In a challenging but ‘good year’ for the firm, Macfarlanes has continued growing with revenues up 4% to £167.6m.
With profits per equity partner rising 7.6% to £1.38m, senior partner Charles Martin said the results were impressive, despite the market turbulence which followed the June 2016 EU referendum vote and some partner losses over the year.
‘It had its challenges, but some of the more gloomy predictions made following the Brexit vote didn’t turn out to be true,’ Martin said. ‘Business held pretty firm: the results speak for themselves.’
Profits also rose 4% to £85.85m. Given the firm’s billings are mainly in sterling with negligible foreign currency effect, Martin said this reflected ‘client loyalty’ and the firm’s ‘willingness to adapt’ to market conditions.
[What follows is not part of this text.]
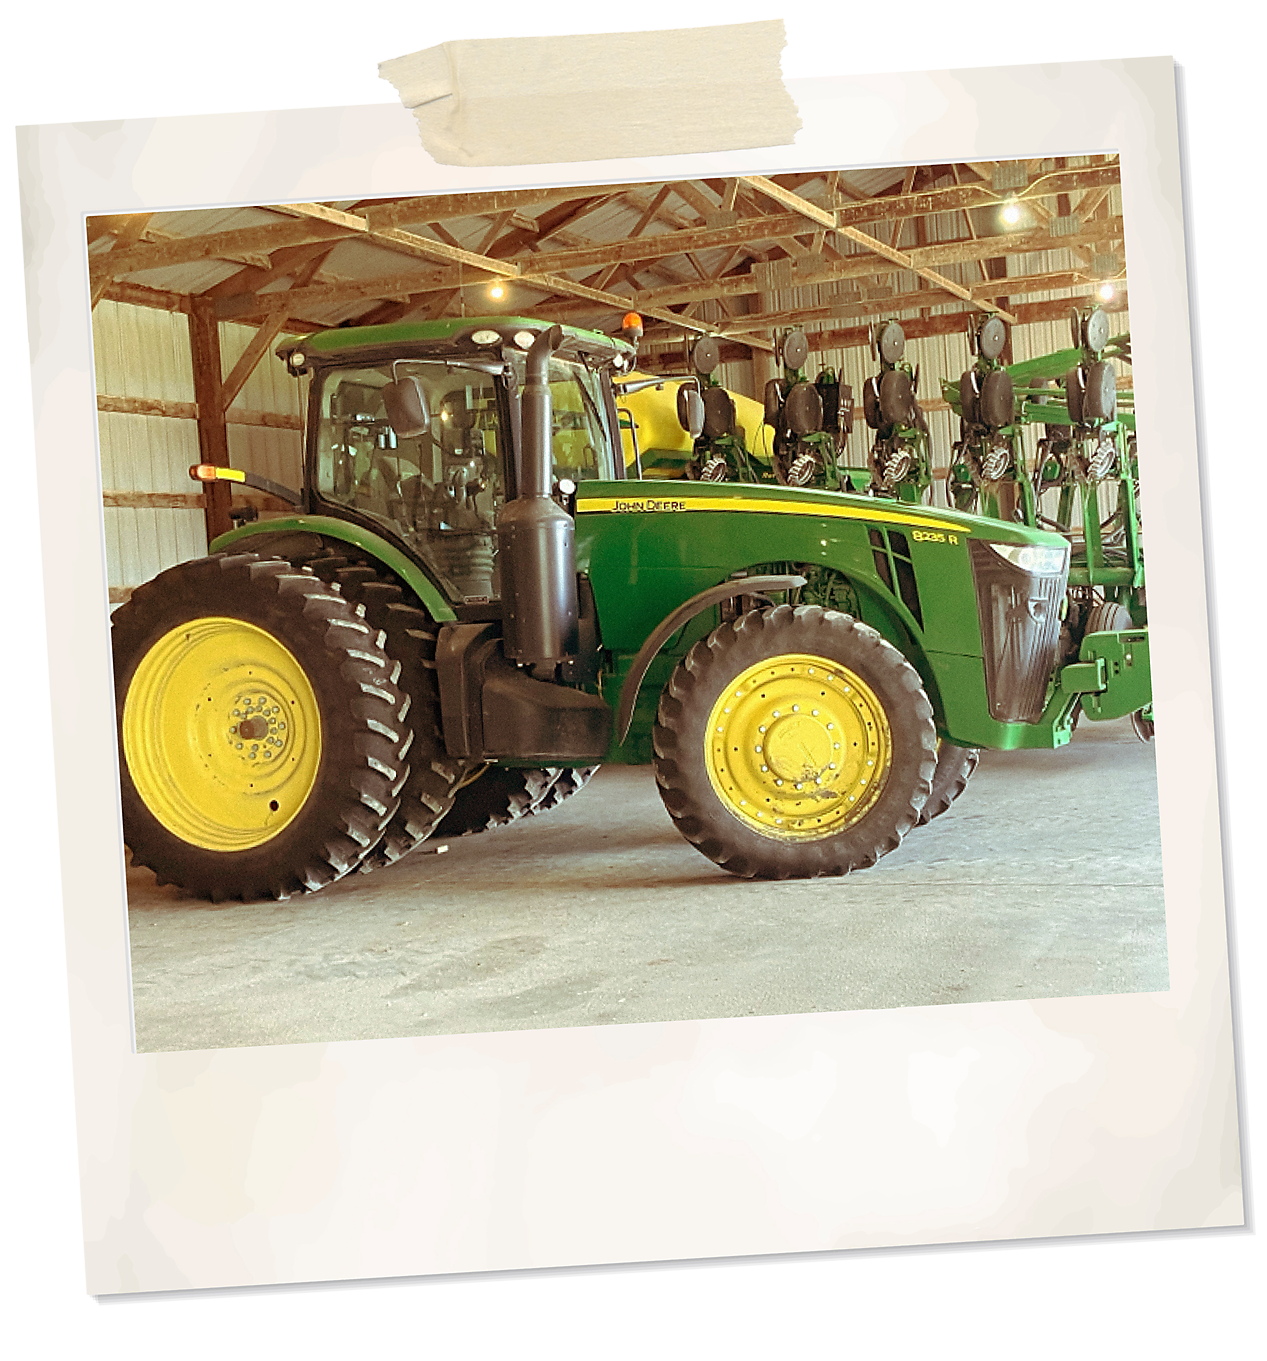 Pic from Bill Furlong, Iowa Farmer (Tractor)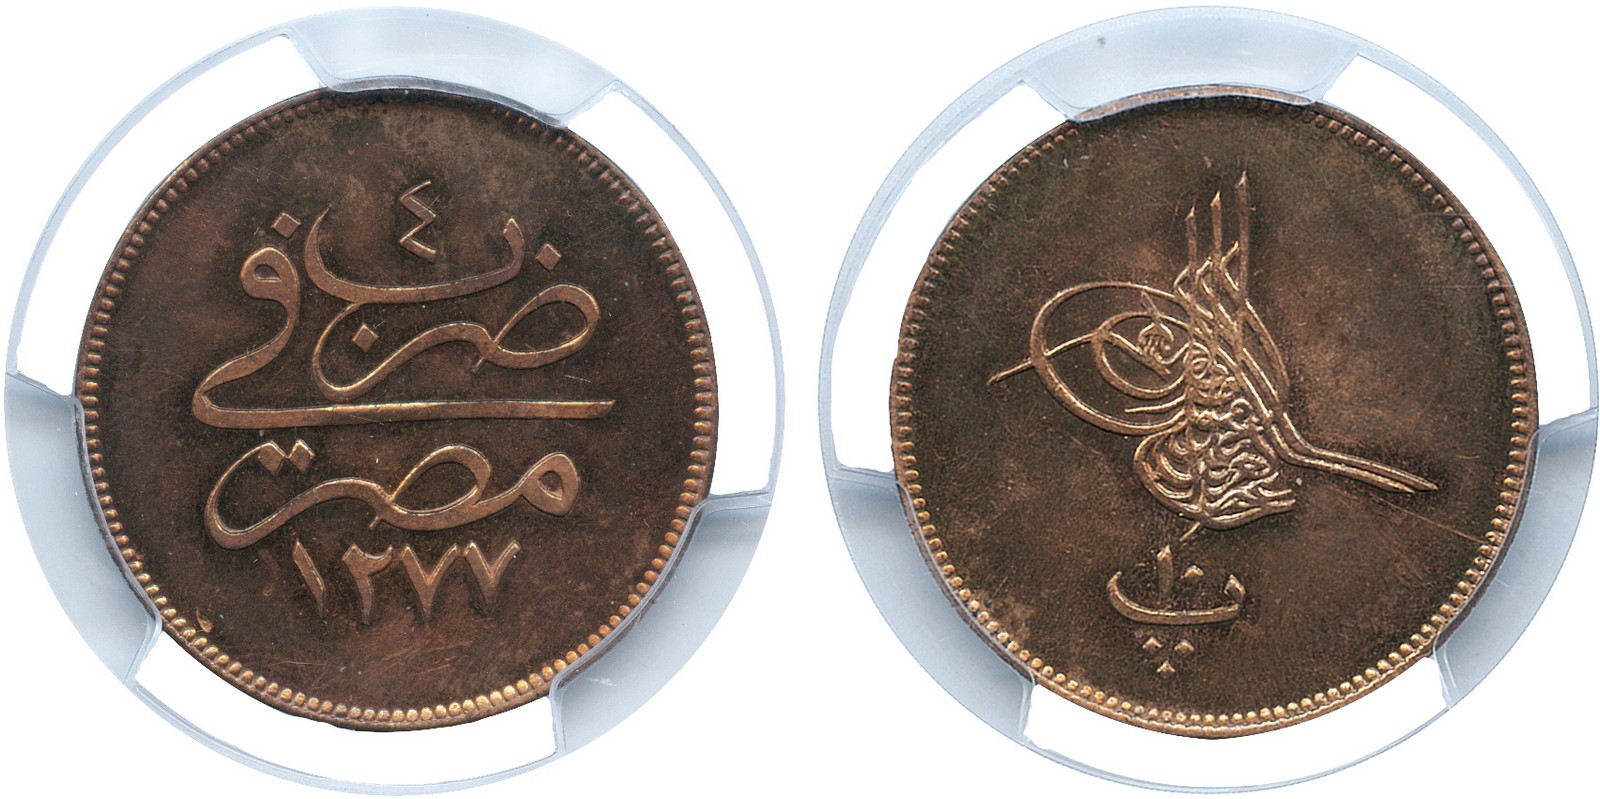 WORLD COINS, Turkey, Abdul Aziz (1861-1876), Copper 10-Para, 1277h, Year 4 (KM 241). In PCGS

He also attributed the results to ‘hard work’ by its team and its ‘strategic focus’.
He added that Macfarlanes did not benefit from billing in euro and dollars, ‘unlike many of our competitors – that makes these results doubly pleasing’, Martin added.
For a firm with revenue growth figures of 64% over the previous five years, the figures remain fairly stable, despite a number of challenges. Macfarlanes lost three partners in three months between September and November 2016. Financial services head David Berman left for Quinn Emanuel Urquhart & Sullivan, Scott Brodsky quit the Johannesburg practice to join a client, spelling the closure of the South African office, and competition and EU head Marc Israel left for White & Case after 15 years with MacFarlanes.
The firm, however, hired King & Wood Mallesons’ (KWM) competition team in December, bringing in partners Cristophe Humpe, Tom Usher and Cameron Firth, who started operating from the firm’s new Brussels office in January 2017.
‘We have a much larger competition law practice group now than we had last year, and we are encouraged by the start that the former KWM team has had.’ While Brussels is now Macfarlanes’ only non-UK office, it operates closely alongside London.
Advisory roles in multi-billion deals helped maintain growth. Macfarlanes acted for Argus Media’s chairman in its £1bn takeover by General Atlantic and advised US internet giant Verizon during the $2.4bn purchase of vehicle communications company Fleematics group.
‘In corporate, private equity and the large strategic M&A are the main areas of focus for us, and they held up pretty strongly,’ added Martin.
Last year, revenue was £161m with profits of £74.5m, following several strong years of significant growth.